А потом на какое-то время о Людвике я забыл. Пока вдруг не получил извещения о его свадьбе. Это была для меня полная неожиданность. Уж не слишком ли он поторопился, подумал я. И все же мне было очень любопытно взглянуть на женщину, сумевшую так ловко окрутить его.
Уже с первого взгляда было ясно, что его невесте прелести не занимать, и все-таки для меня все еще оставалось загадкой, почему он решил жениться именно на ней. Домик Людвика в Ржечковицах был набит свадебными гостями, тут собрался чуть ли не весь факультет времен Короля Солнца, и я сумел поговорить со многими, кого долгие годы не видел. Но самое главное я узнал совершенно случайно от людей посторонних.
В поисках нужного помещения я по ошибке забрел в ванную комнату — на ванне сидели три полоумные тетки и, звякая бокалами виски со льдом, трещали о том, что их весьма занимало. И я тотчас сообразил, почему они зашли в ванную. Ведь существует поверье, что в доме, где играют свадьбу, не принято говорить о невесте, как в доме повешенного — о веревке.
Ты что, и впрямь не знаешь, почему он женится на Сватаве? Это его ученица из колледжа, готовилась в медсестры, а он нашел у нее поэтическую жилку! И теперь берет в жены одну из самых больших надежд чешской литературы!
Ну и дела, засмеялась вторая, стало быть, Людвик теперь западает на девичьи жилки!
Но тут третья увидала меня и, испугавшись, взвизгнула.
Спокойно, дамы, я ничего не слышал! И весело помахав им, пошел блуждать по свадебному лабиринту.
Наконец я наткнулся на Людвика. У него уже наготове была дешевенькая хохма, которой он явно хотел поскорее отделаться от меня. Знаешь ли ты, почему люди умирают лишь однажды, а женятся по шесть раз? Но я не отступал. Послушай, Людек, ты, говорят, женишься на поэтессе? Берешь в жены медсестру, что пишет стихи? Он предостерегающе зашипел на меня и напомнил, что в доме повешенного не говорят о невесте. В свадебном доме, Людек, уточнил я. Ладно, сказал он, не сердись. Сам видишь, какая у меня грандиозная свадьба и до черта всяких обязанностей! Как-нибудь звякну тебе, приходи непременно. Настоящих друзей я не забываю, знаю, что их меньше, чем у калеки пальцев на изувеченной руке. И он пожал мне локоть.

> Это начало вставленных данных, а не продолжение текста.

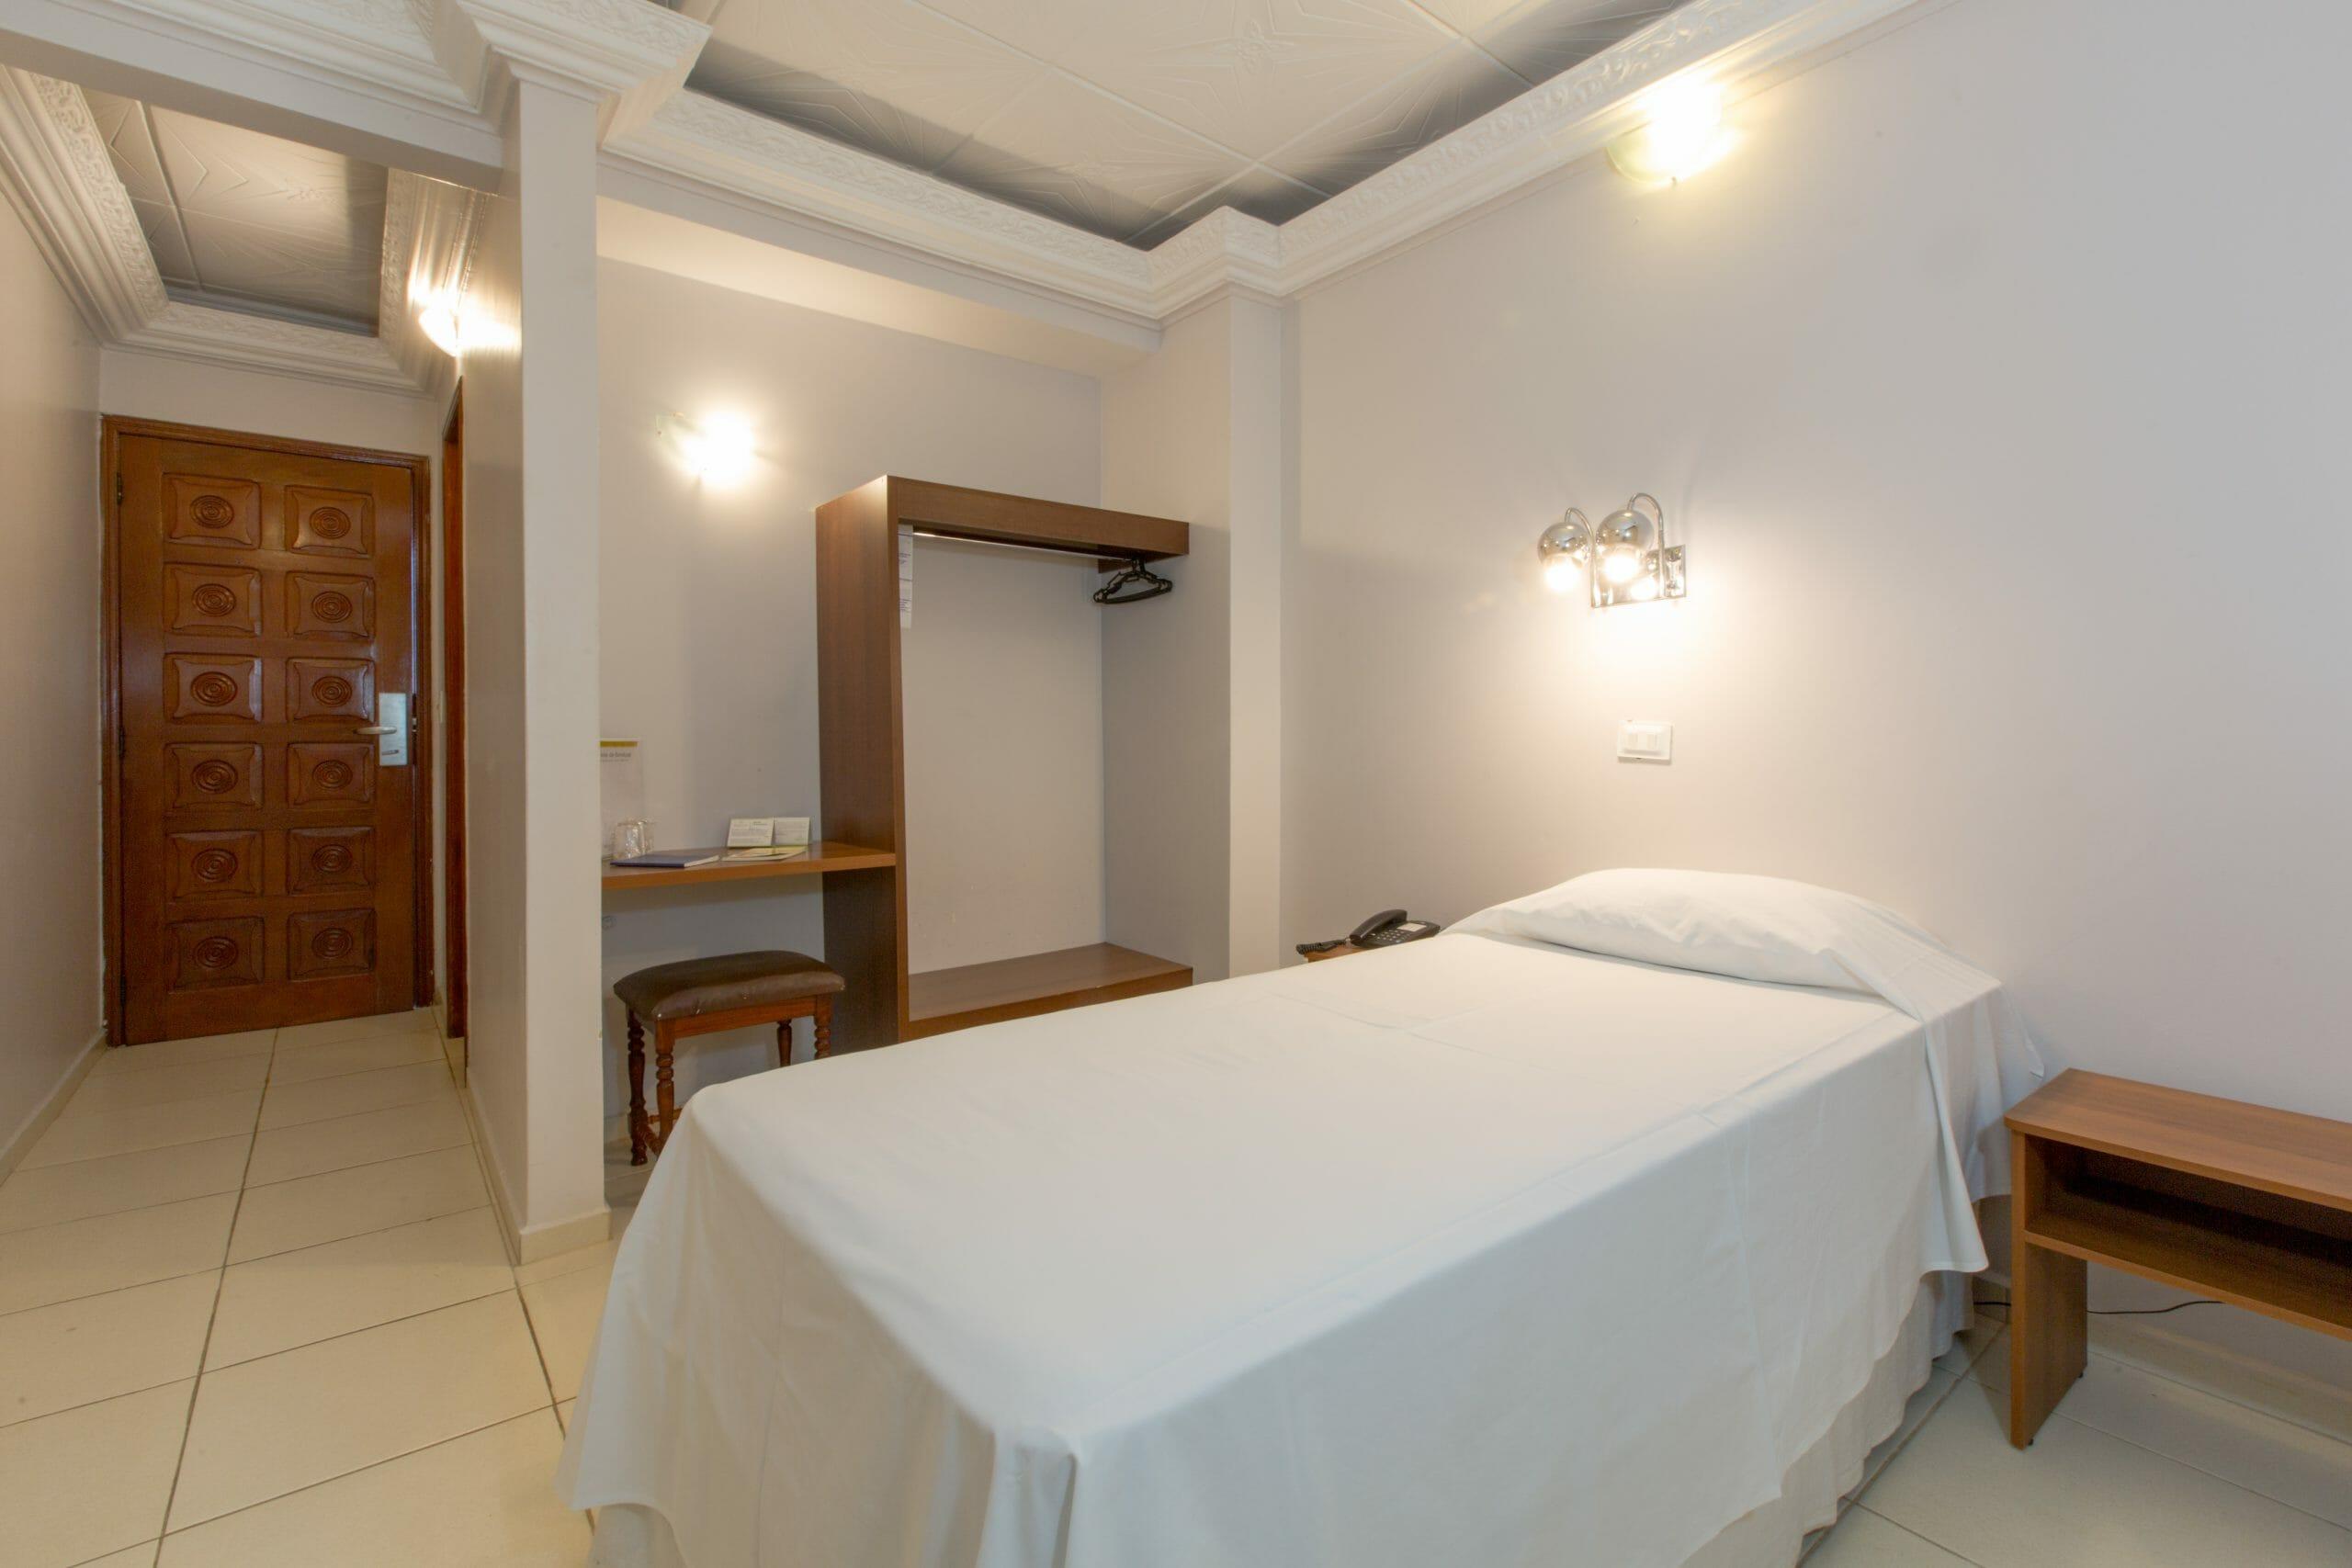 Procurando por hotel no centro de Foz do Iguaçu? O Mirante Hotel é a sua melhor opção! apartamento individual

Свадьба тянулась, как нескончаемая сопля. Я отряхнул свой пиджак и ночью побрел на трамвайную остановку.
Поскольку литература — моя тайная любовь, я и отношусь к ней, как к тайной любви: порой забываю о ней, но затем возвращаюсь с еще большей страстью! Как-то случилось, что я долго не листал литературных журналов и занимался лишь анамнезами невротиков и психотиков. Но зато потом, словно огретый хлыстом конь, я вскинулся, обежал все киоски и книжные лавки, приволок домой целую охапку журналов и бестселлеров и, вывалив их на кровать, залез в нее, как нетерпеливый любовник.
И как я был вознагражден! В журналах я нашел кучу стихов Людвиковой невесты, и все они были скроены — тут я не мог ошибиться — по моему мистификационному рецепту, правда, не считая того, что Людвик его здорово пережал. Он уже перестал довольствоваться чисто девичьей любовной тематикой, а передвинул ее куда-то на самую грань непристойности, на что я никогда не отважился бы. Такое попросту непроходимо! Но как так получилось, что этот его непристойный натиск смог протаранить все существующие пуританские барьеры? Меня поразила рискованность его игры! Его метафоры были достаточно банальны, но в сочетании с бесстыдными эротическими подробностями они воспринимались как некое откровение. Как же злонамеренно был утрирован мой замысел!
Мои мысли неожиданно оборвал телефонный звонок. Людвик, как и обещал. Сватава с нетерпением ждет тебя, сказал он, никакой бутылки не надо, выпивка еще осталась со свадьбы. Так что приезжай поскорее.
И когда прекрасным летним днем я спешил на трамвае в Ржечковицы, мне и не снилось, что я вскоре переступлю «границу тени».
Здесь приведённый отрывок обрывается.